ASSIGNMENT = Quote exactly, and only, the lines of the material below from the line with "Amazing Custom Art" through the line with "Dolphins 2023 Calendars".

EXERCISE MATERIALS =
--*--
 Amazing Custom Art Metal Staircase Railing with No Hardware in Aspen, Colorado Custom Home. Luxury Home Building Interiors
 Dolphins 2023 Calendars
--*--
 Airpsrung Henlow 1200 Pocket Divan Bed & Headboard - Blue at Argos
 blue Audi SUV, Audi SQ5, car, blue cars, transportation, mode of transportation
--*--
RESPONSE BELOW =
 Amazing Custom Art Metal Staircase Railing with No Hardware in Aspen, Colorado Custom Home. Luxury Home Building Interiors
 Dolphins 2023 Calendars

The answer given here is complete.